Will Steroids Help With Bronchitis?

Overview

Bronchitis is the most common acute respiratory tract infection during the early years of life.1 Acquired respiratory viruses cause bronchitis, and viral infection has demonstrated substantial morbidity in children.2 Ongoing investigation on bronchitis calls for further evidence on its therapeutic management, namely via the use of newly-emerging steroids. Systematic reviews have assessed the use of corticosteroids in the past yet have failed to provide convincing evidence that supports acute or chronic management of bronchitis.3 Thus, routine use of steroids is not recommended in current clinical practice guidelines.4 Despite conflicting literature, some reports have shown oral or parenteral corticosteroids and inhaled corticosteroids to be efficacious in treating bronchitis.5 This article discusses what bronchitis is, the effectiveness of steroid use in treatment, and further treatment options.

About Bronchitis

Bronchitis is an infection of the lower respiratory tract whereby the main airways of the lungs (bronchial tubes) become inflamed and irritated. Patients with bronchitis have a viral respiratory infection with transient inflammatory changes that trigger the production of mucus and obstruction of the airways.6 Bronchitis can affect individuals of all ages, but it is most common in younger children.7 

Types of bronchitis

Bronchitis is described as being either acute bronchitis or chronic bronchitis. Acute bronchitis is caused by the same viruses that cause the common cold. It is a temporary inflammation of the airways that manifests as a sore throat, runny nose or sinus infection. Inflammation irritates the lungs, causing a cough accompanied by mucus production for up to three weeks.

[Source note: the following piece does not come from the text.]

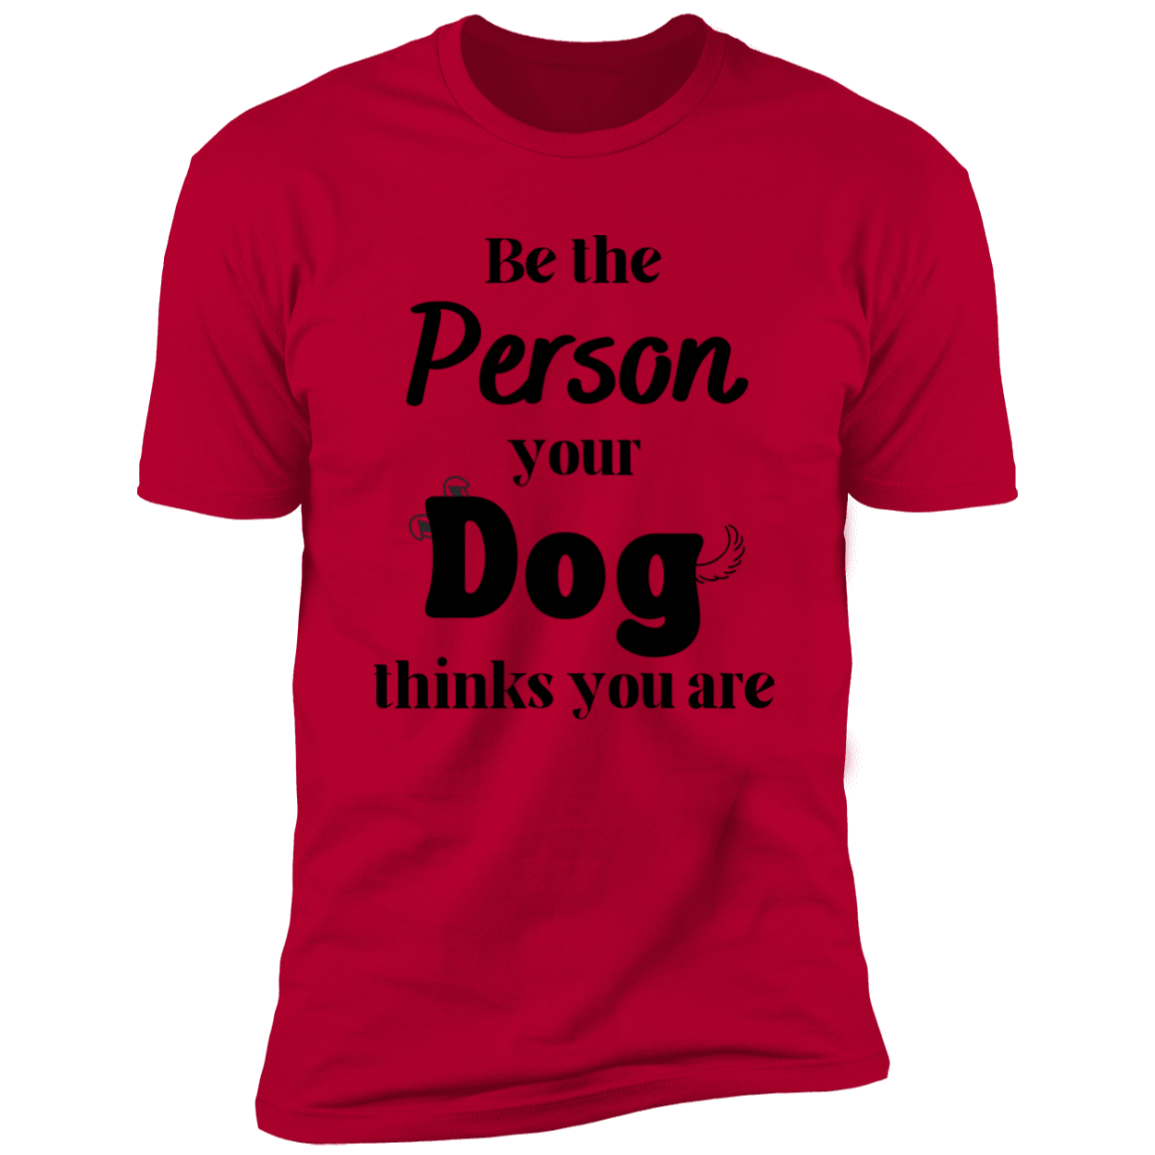 Be the Person Your Dog Thinks You Are T-shirt, Dog Shirt for humans, in red

Chronic bronchitis, a type of chronic obstructive pulmonary disease (COPD), is characterised by persistent and irreversible inflammation in the bronchial tubes, resulting in a mucus-producing cough on most days of the month for at least three months a year. The inflamed bronchial tubes over-produce mucus, leading to persistent coughing and obstruction of the airways. Inflammation can last several months.8

In summary, true bronchitis is characterised by an infection of the bronchial tubes with resultant bronchial and pleural oedema and mucus formation9. Patients will then develop a persistent cough and may show signs of airway inflammation or bronchial obstruction, such as:

  • Wheezing: the high-pitched whistling sound made with difficulty breathing. 
  • Dyspnea on exertion: shortness of breath during exhalation. Individuals feel they cannot breathe fast or deep enough while exercising or exerting physical effort.

Causes

Bronchitis has many known causes; it is not limited to infection only. The leading causes include:

  • Viral infection: viruses are the most common cause of bronchial inflammation in otherwise healthy individuals with acute and chronic bronchitis.10 The most common viruses are enterovirus, influenza A and B, coronavirus, respiratory syncytial, and rhinovirus.10 Studies have shown that non-viral agents cause acute bronchitis in very few cases, with certain bacteria responsible for respiratory infection.11 
  • Smoking: incidence of chronic bronchitis is greater in smokers when compared to non-smokers.7 In an early 1954 study, the incidence of bronchitis increased severely with increased smoking.12 It was unlikely to have arisen by chance. In addition, these authors found that over 50% of smokers had aggravated their bronchitis with continued tobacco inhalation and that a large proportion who quit regular smoking alleviated the severity of their bronchitis. 
  • Chemical/inhalant exposure: frequent exposure to harmful materials may increase the risk of chronic bronchitis and COPD.7 Inhalation of dust, textiles, ammonia, acids, chlorine and flavourings has been shown to exacerbate bronchitis13, commonly referred to as ‘occupational bronchitis’. Another study also concluded that certain occupations increased morbidity and mortality from bronchitis, which shares irritant inhalant exposure at work and in the surrounding environment.14 
  • Pollution: high concentrations of air pollutants are positively associated with increased prevalence of bronchial asthma and chronic bronchitis.15 Short-term and long-term exposure to pollutants has increased the risk of COPD in large populations.16 Conversely, when the concentration of contaminants decreases, the adverse health effects minimise.
  • Other underlying respiratory issues: bronchitis can occur in response to severe asthma and can be secondary to mucosal injury.17 Bronchitis is now a well-defined feature of bronchial asthma, cough variant asthma and COPD. Asthma also determines the severity of bronchitis, increasing exacerbations of the disease.18

Symptoms

The most prevalent bronchitis symptoms include infection of the bronchial tree with residual bronchial oedema and mucus formation. Individuals will develop a persistent cough and possible signs of bronchial obstruction, such as wheezing or dyspnea. Bronchial obstruction produces symptoms similar to mild asthma.19 In one study, reduced forced expiratory volume and vital capacity were synonymous with bronchitis symptoms.20

Figure: Symptoms of Acute and Chronic Bronchitis

Created by Aastha Malik

Diagnosis

Patients with acute bronchitis have an associated viral respiratory infection with temporary changes that produce mucus and airway obstruction. 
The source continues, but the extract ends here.